A text comes in from Jaynie:
No traffic allowed into city. Holland and Lincoln Tunnels closed. Bridge traffic one way only: out.
“Shelley.”
I whip around. It’s Delphi. Her face is dirt streaked, her hair dull with dust, her fingers seeping blood, and her clothes filthy. She eyes my bruised face, my half-closed eye. “Did you kill him?”
“No. He got away.”
Her gaze shifts to my dad as he and another man lift a concrete slab, sliding it farther down the heap, and she
starts trembling. “At least he didn’t kill
you
. . . though realistically, it’s just a matter of time.”
“Delphi . . .” I reach for her and she responds, hugging me, holding me tightly while I tell her the truth. “It’s going to be like this. You were at Black Cross. You know the kind of things Vanda-Sheridan is willing to do—and the kind of things we have to do too. And it’s only going to get worse. Vanda has more nukes.”

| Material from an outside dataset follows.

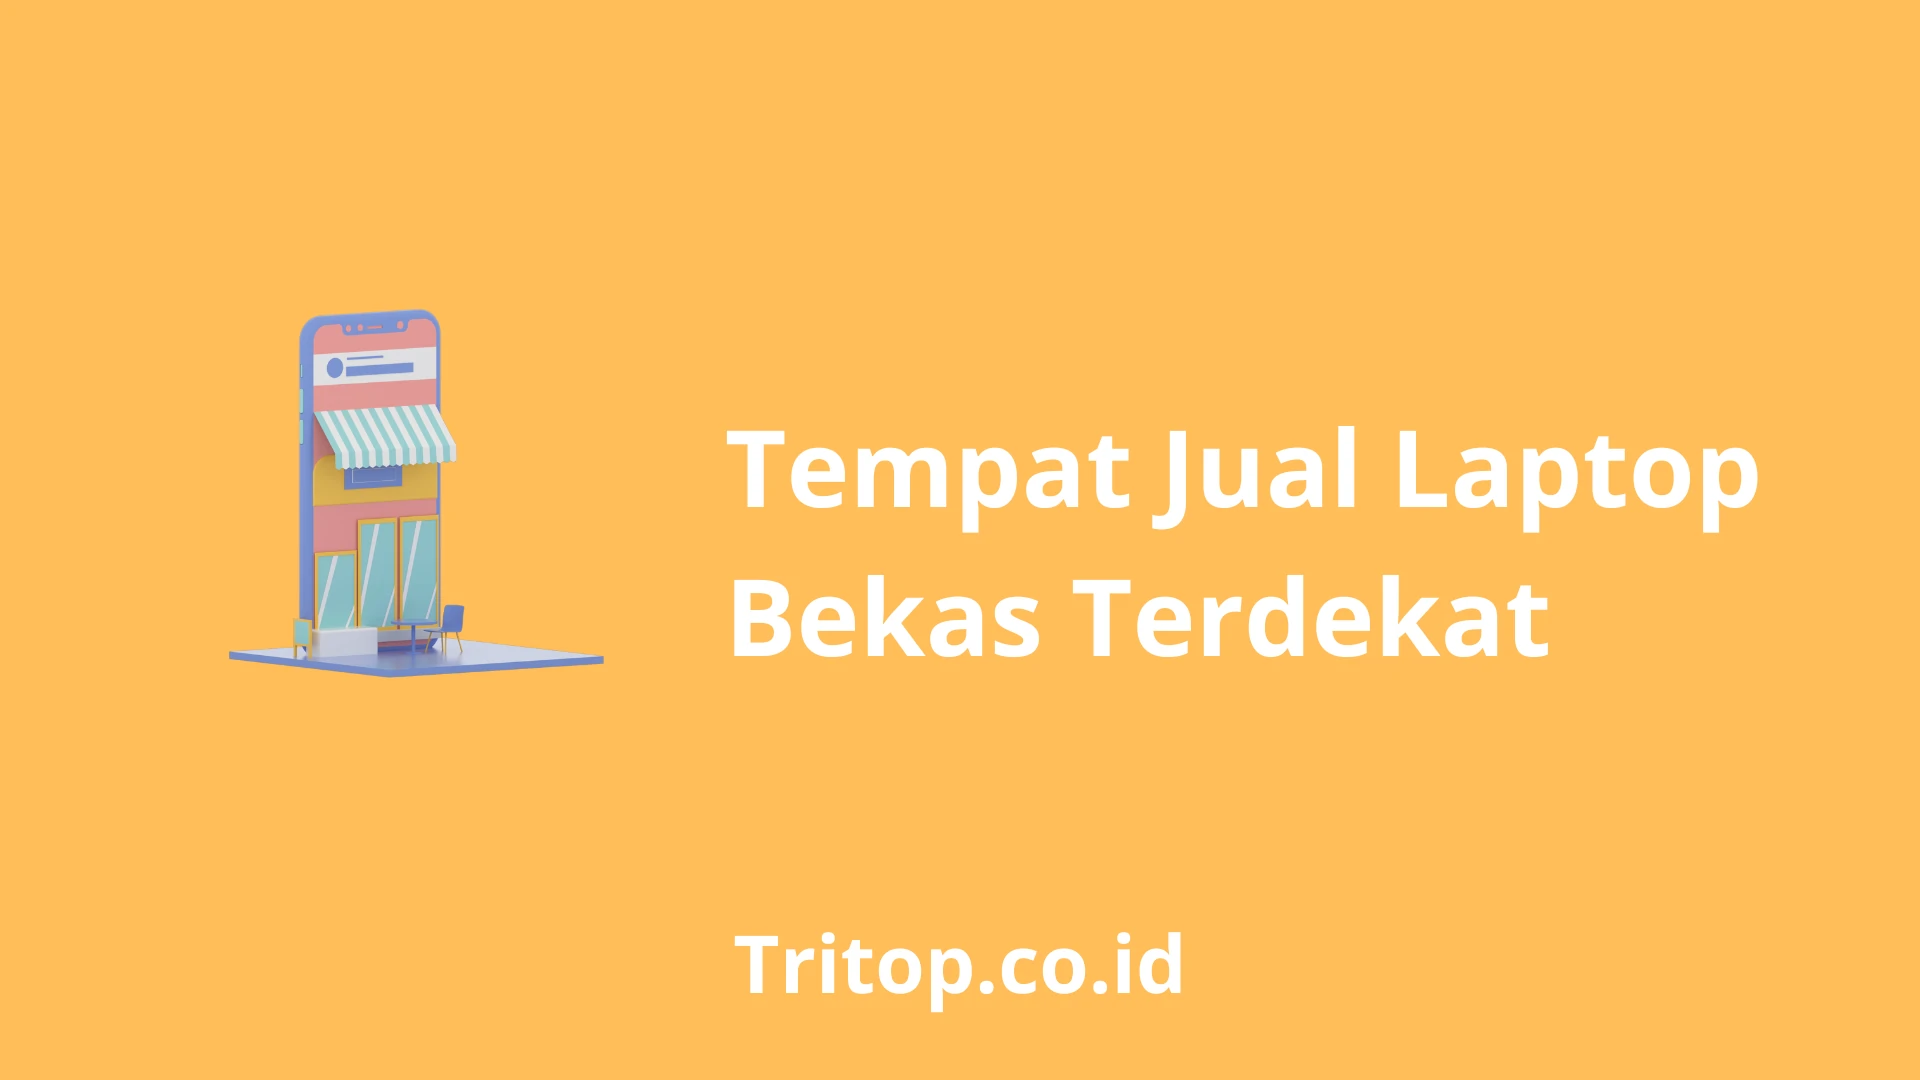 Tempat Jual Laptop Bekas Terdekat tritop.co.id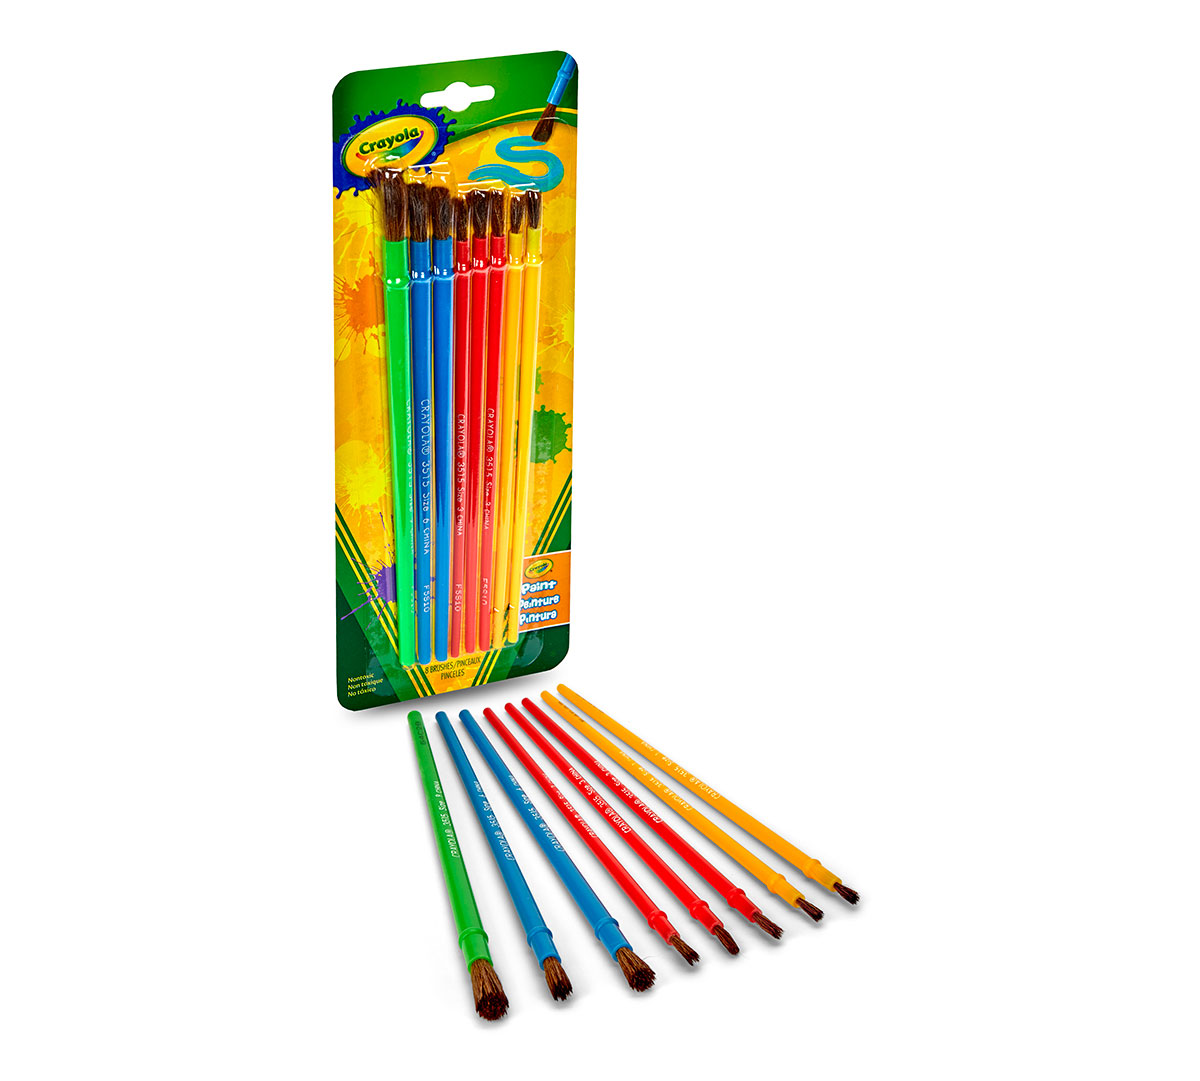 SagaSave 8Pcs Childrens Paint Brush and Non-Spill Paint Pot Set

She looks up at me, blue eyes even brighter surrounded by dirt. “You know that?”
I nod. “I heard him. He wants to nuke Niamey. Shut down the trial. Shut down his own wife and the crazies who do shit like this in her name. So I’m going after him, but I’ll take you home first if you want me to.”
This draws a bitter smile. “I don’t need help getting home—but you might need help getting to Wyoming in one piece.” She half turns in my arms. “Your gear’s over there. I got it out of the apartment.”
“
Shit
, you went back up there?”
She shrugs. “It took a few trips—your rig is heavy—but I wanted to get your things before the police closed off the building.”
“You’re amazing.”
She’s been helping with the search and rescue. That’s why her hands look like they do, but as the fire truck arrives civilians are ordered to clear out of the site. My dad climbs down the rubble heap, and sees me. We glare at each other for a second and a half, and then we embrace.
“Why are you still here?” he asks.
“I’m on my way out. You coming with me?”
I’m not surprised when he shakes his head. “This is my home. I want to know who did this. I want to see them burn.”
I nod. He has his own mission now, his own purpose, his own story.
So it’s just Delphi and me.
I text Jaynie:
Can you get into Brooklyn?
While I’m waiting for an answer, I get the first-aid kit from my pack and we all clean our cuts and bruises. Delphi glues the gouge on my shoulder, and I put on a clean but stale-smelling T-shirt that I find stashed at the bottom of my pack.